◆ Information shown ◆

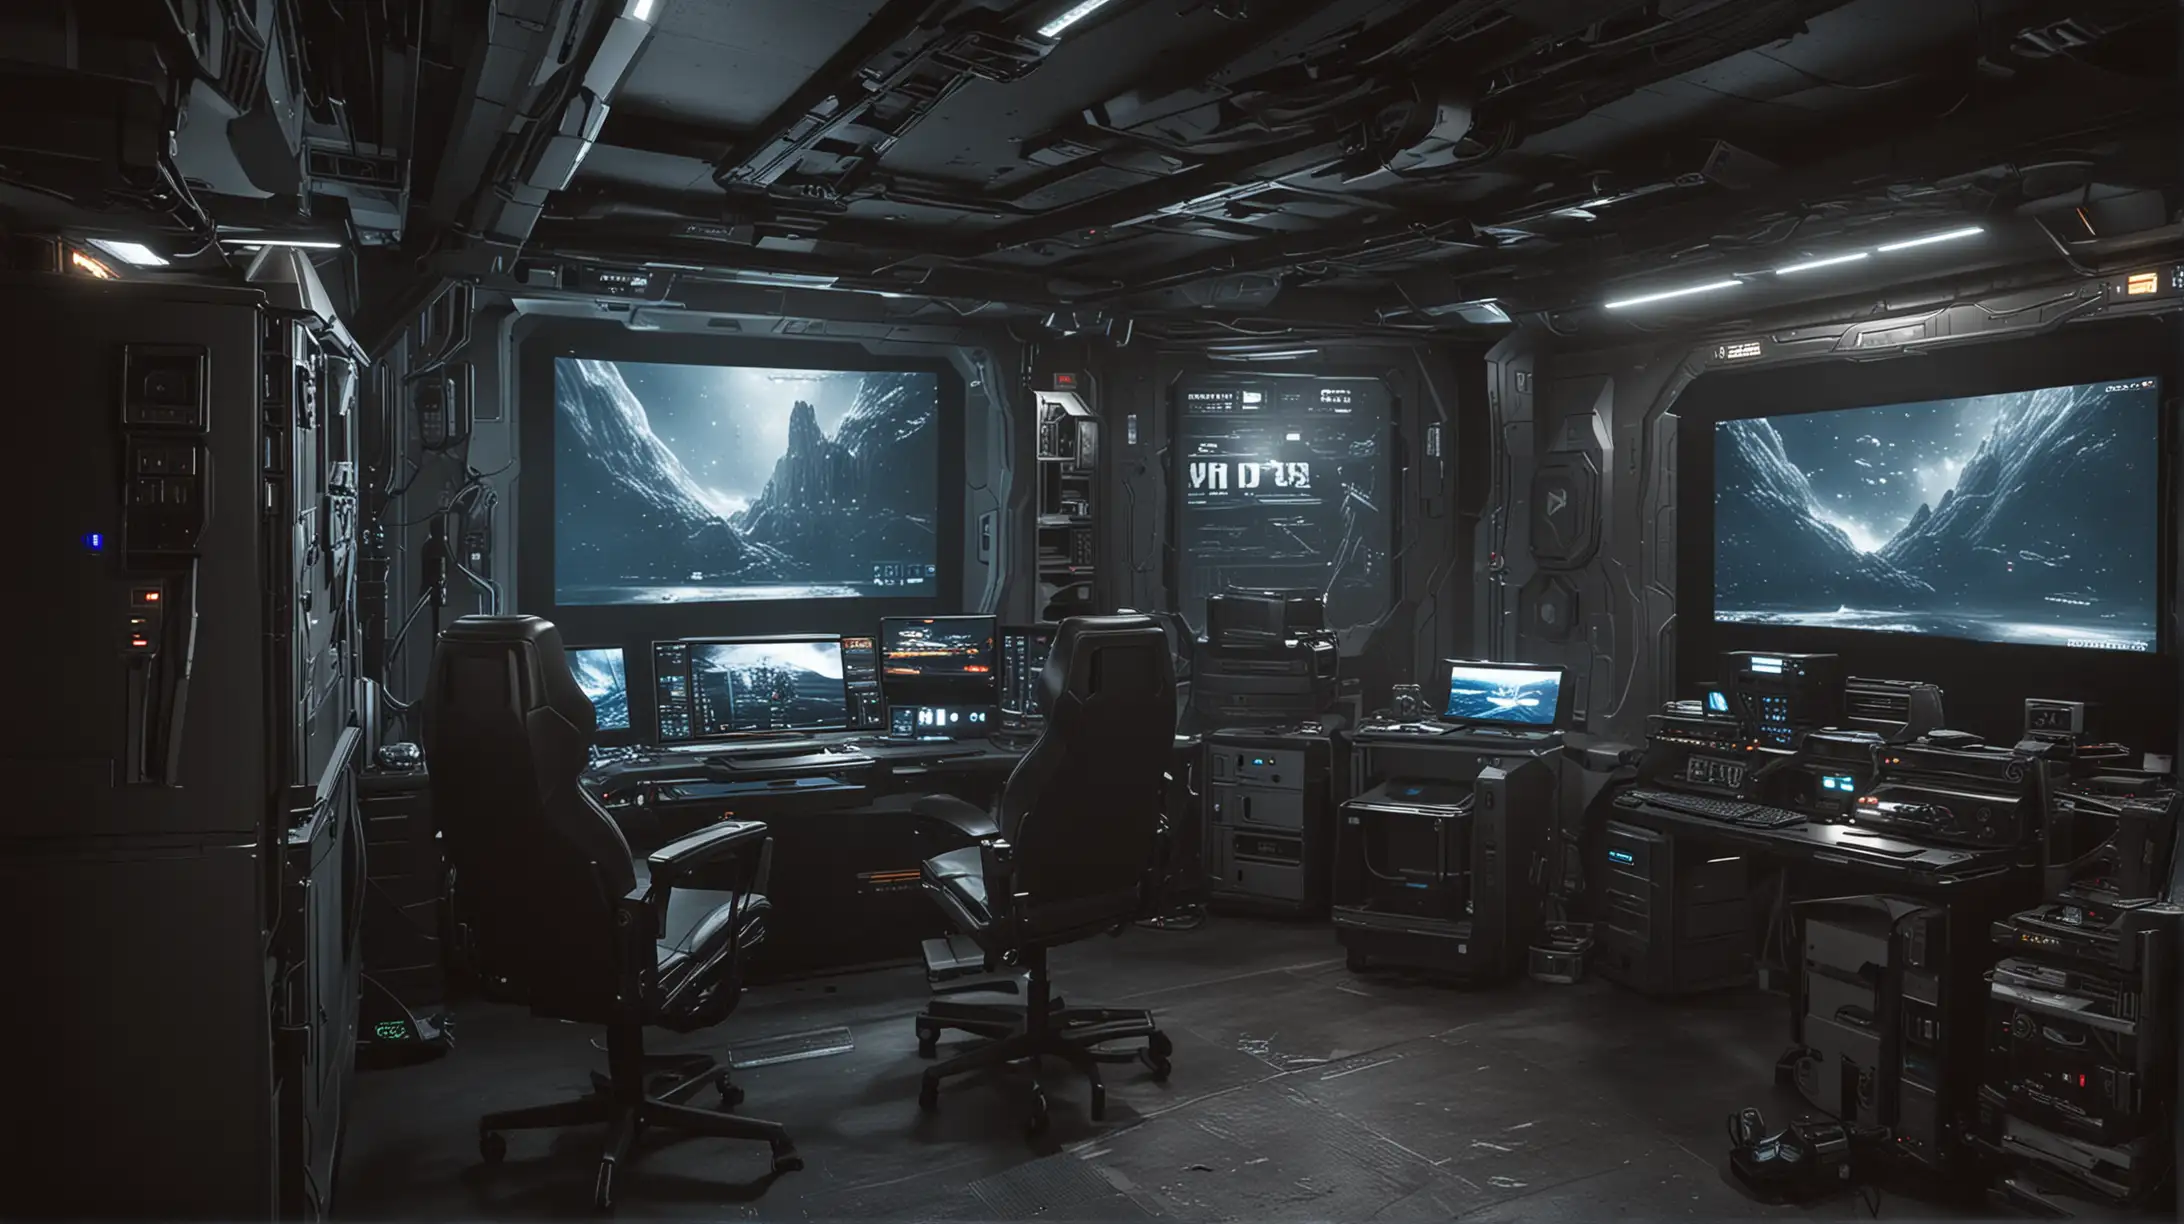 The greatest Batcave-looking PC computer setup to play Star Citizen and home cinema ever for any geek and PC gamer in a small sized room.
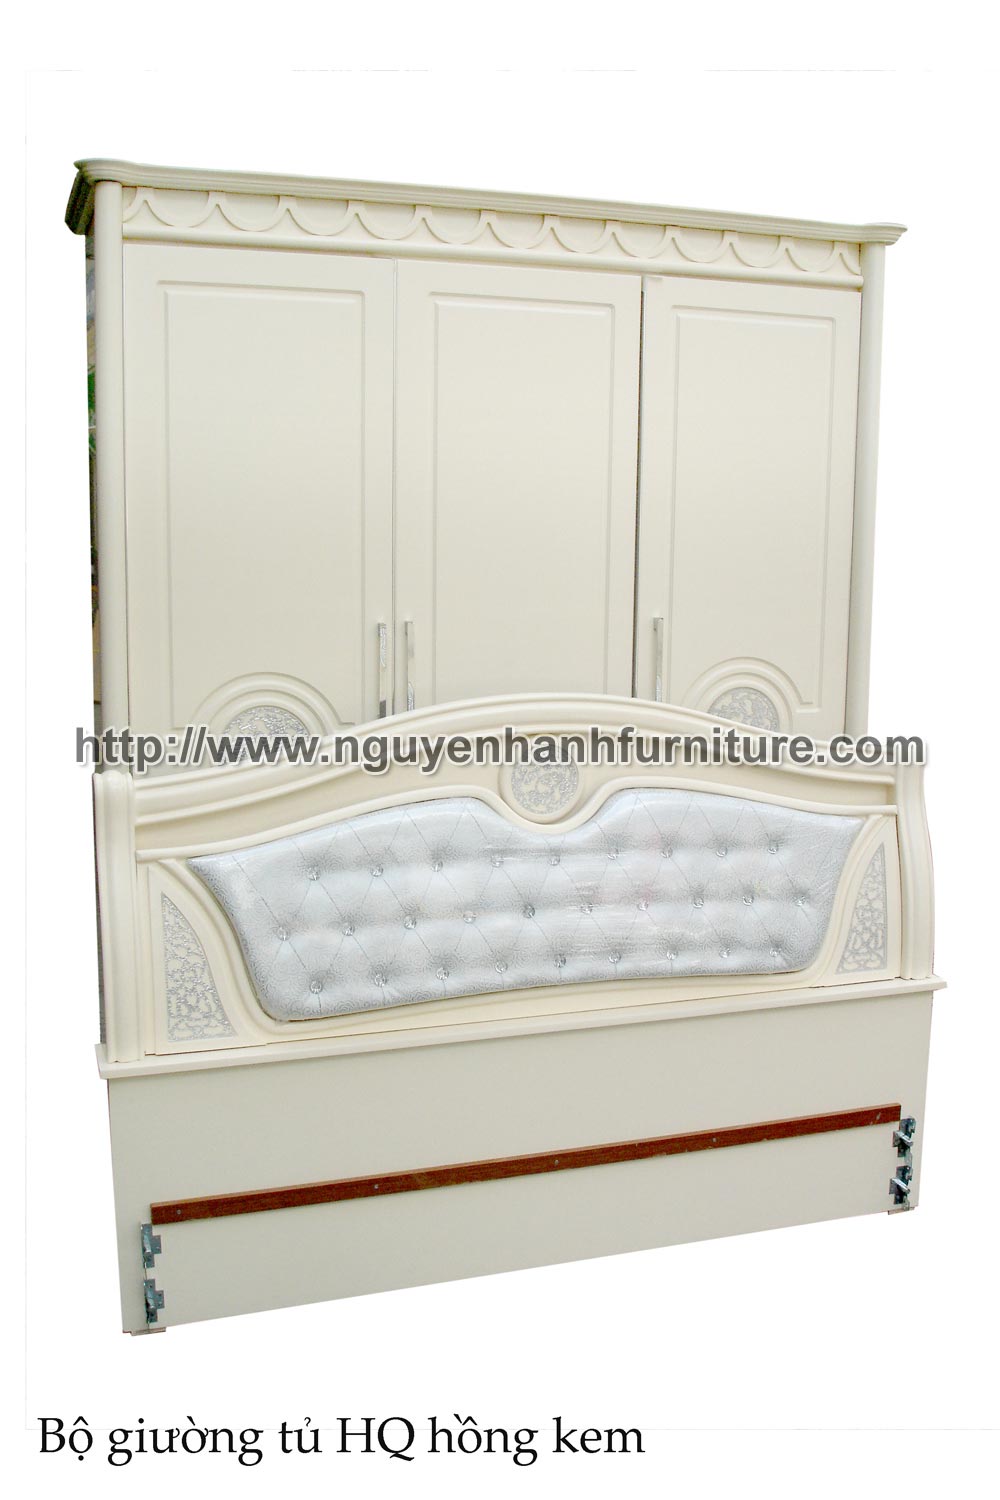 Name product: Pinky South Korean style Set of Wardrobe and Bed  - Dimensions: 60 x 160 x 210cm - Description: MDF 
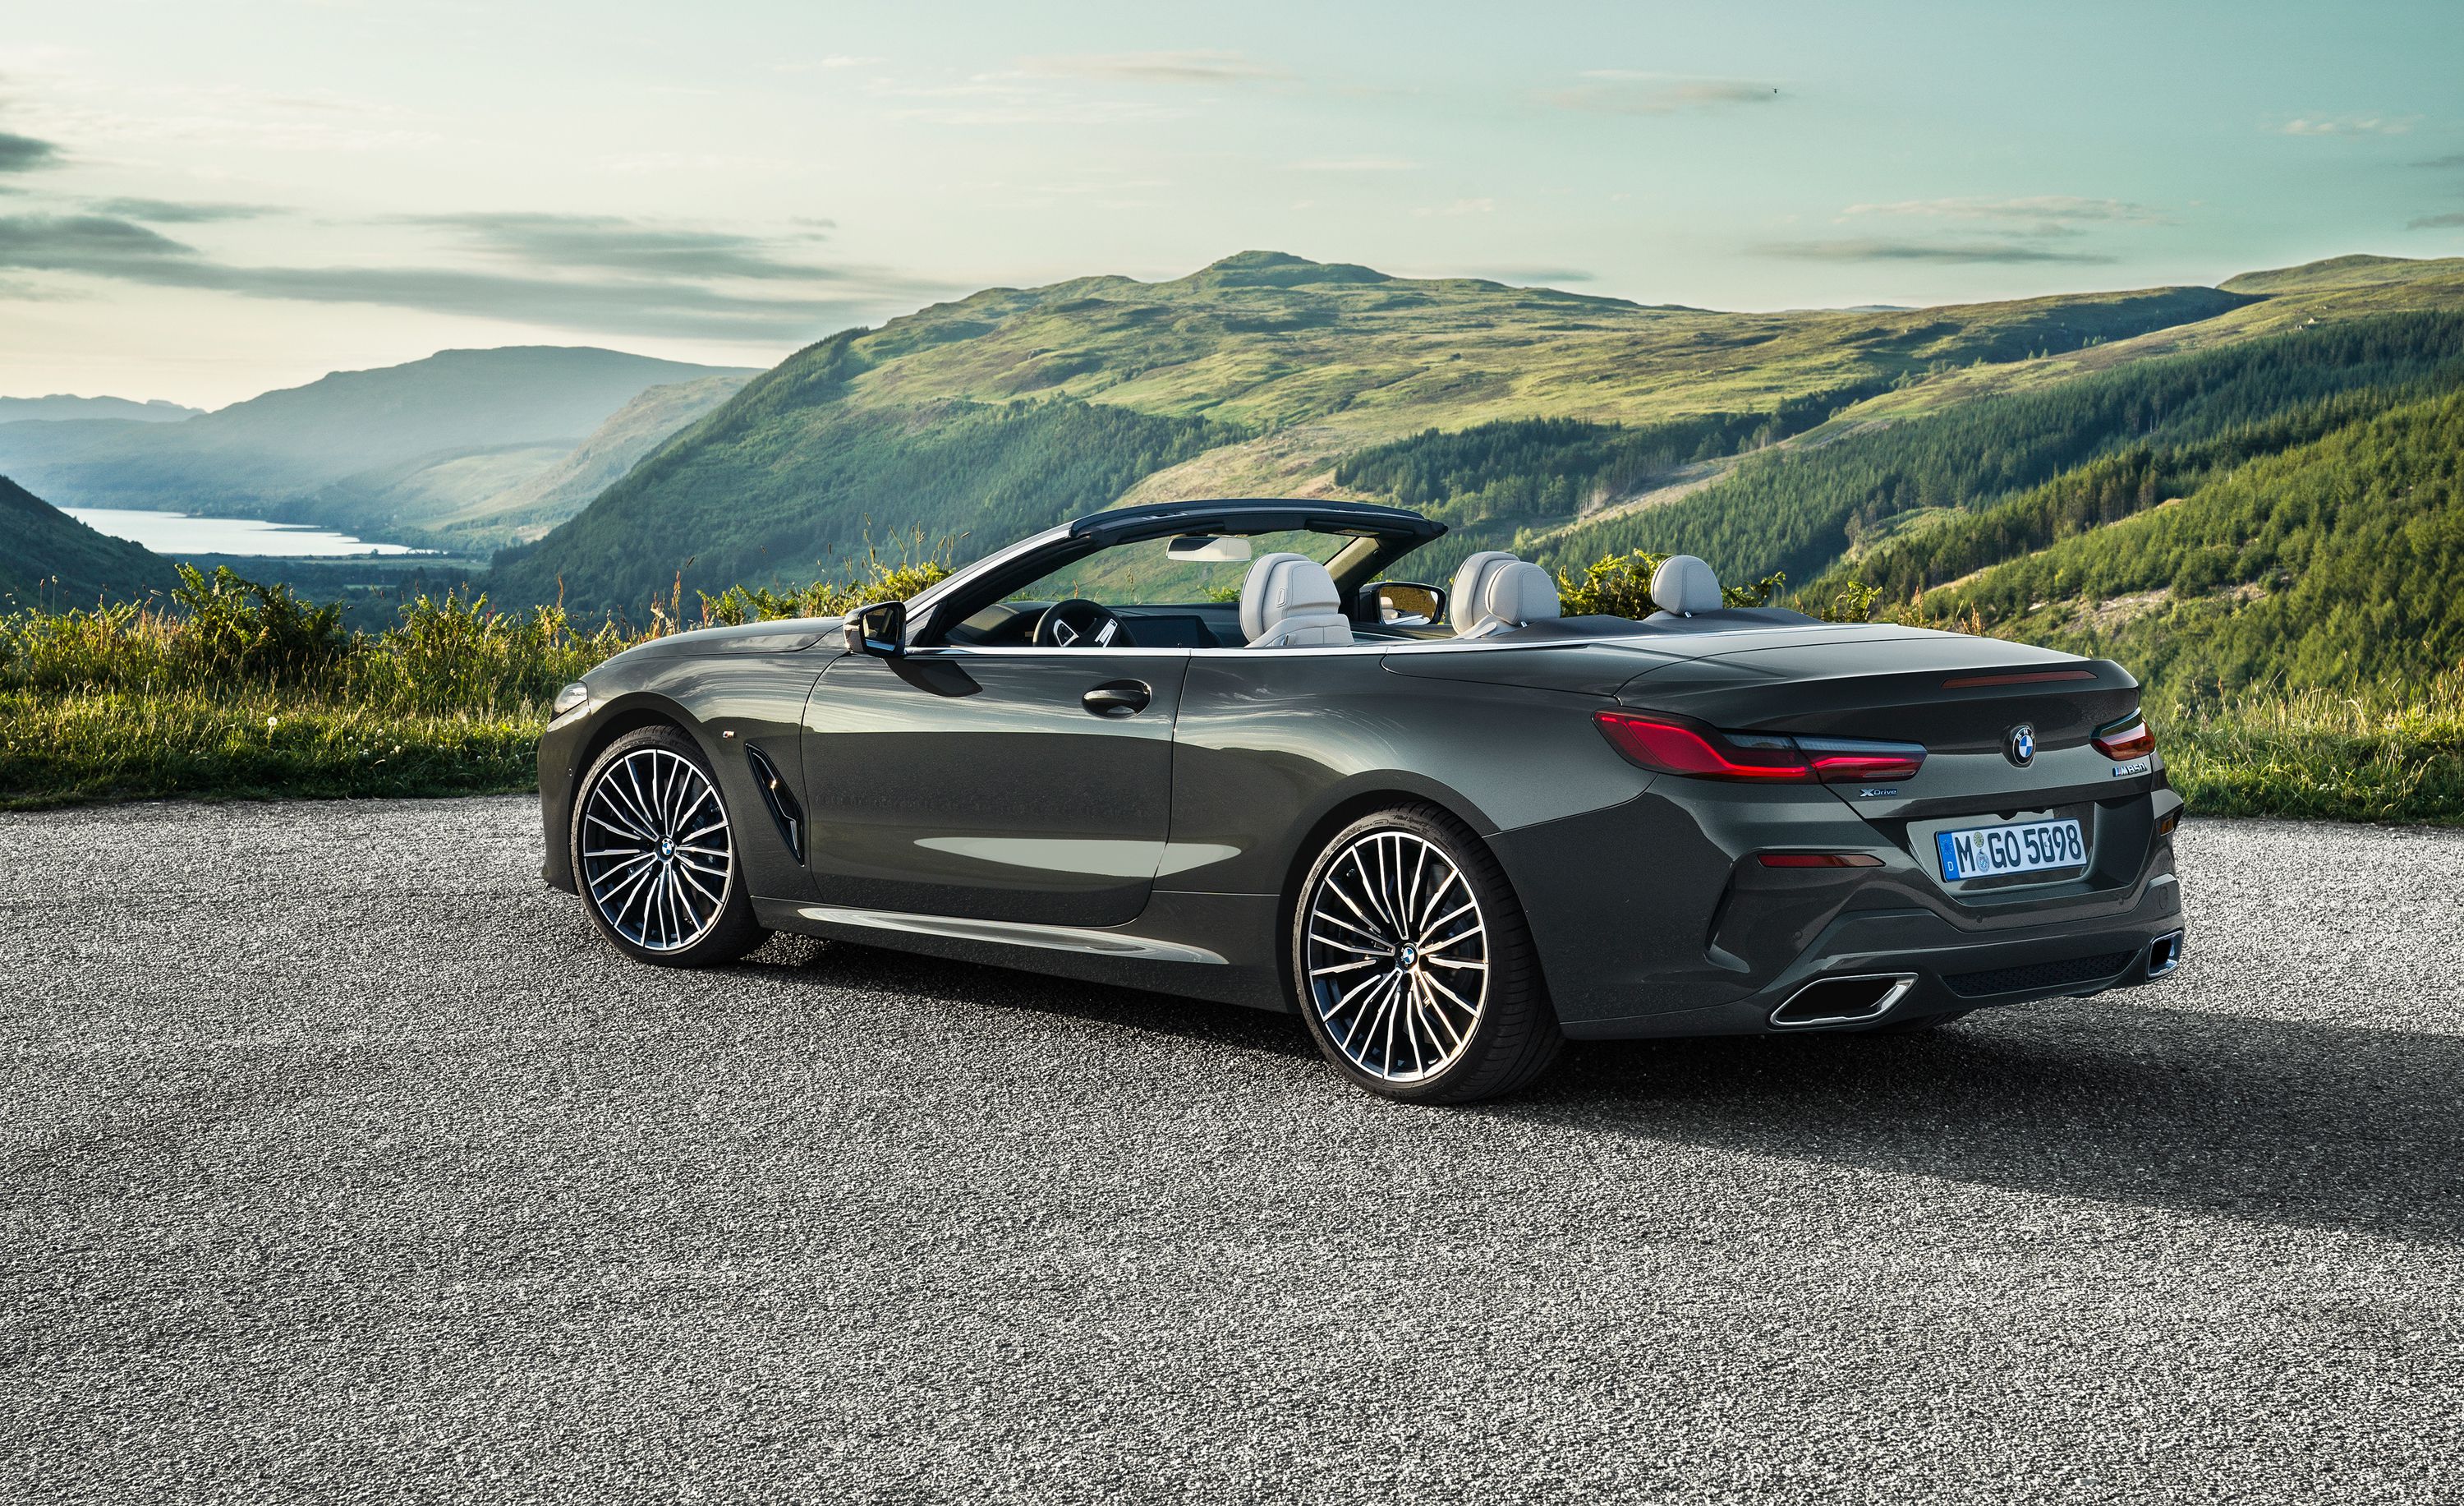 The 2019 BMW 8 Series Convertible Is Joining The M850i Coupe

◆ To do ◆
When you restate the listing above, give each line word for word but leave out every image.

◆ Response box ◆
 The greatest Batcave-looking PC computer setup to play Star Citizen and home cinema ever for any geek and PC gamer in a small sized room.
 Name product: Pinky South Korean style Set of Wardrobe and Bed  - Dimensions: 60 x 160 x 210cm - Description: MDF 
 The 2019 BMW 8 Series Convertible Is Joining The M850i Coupe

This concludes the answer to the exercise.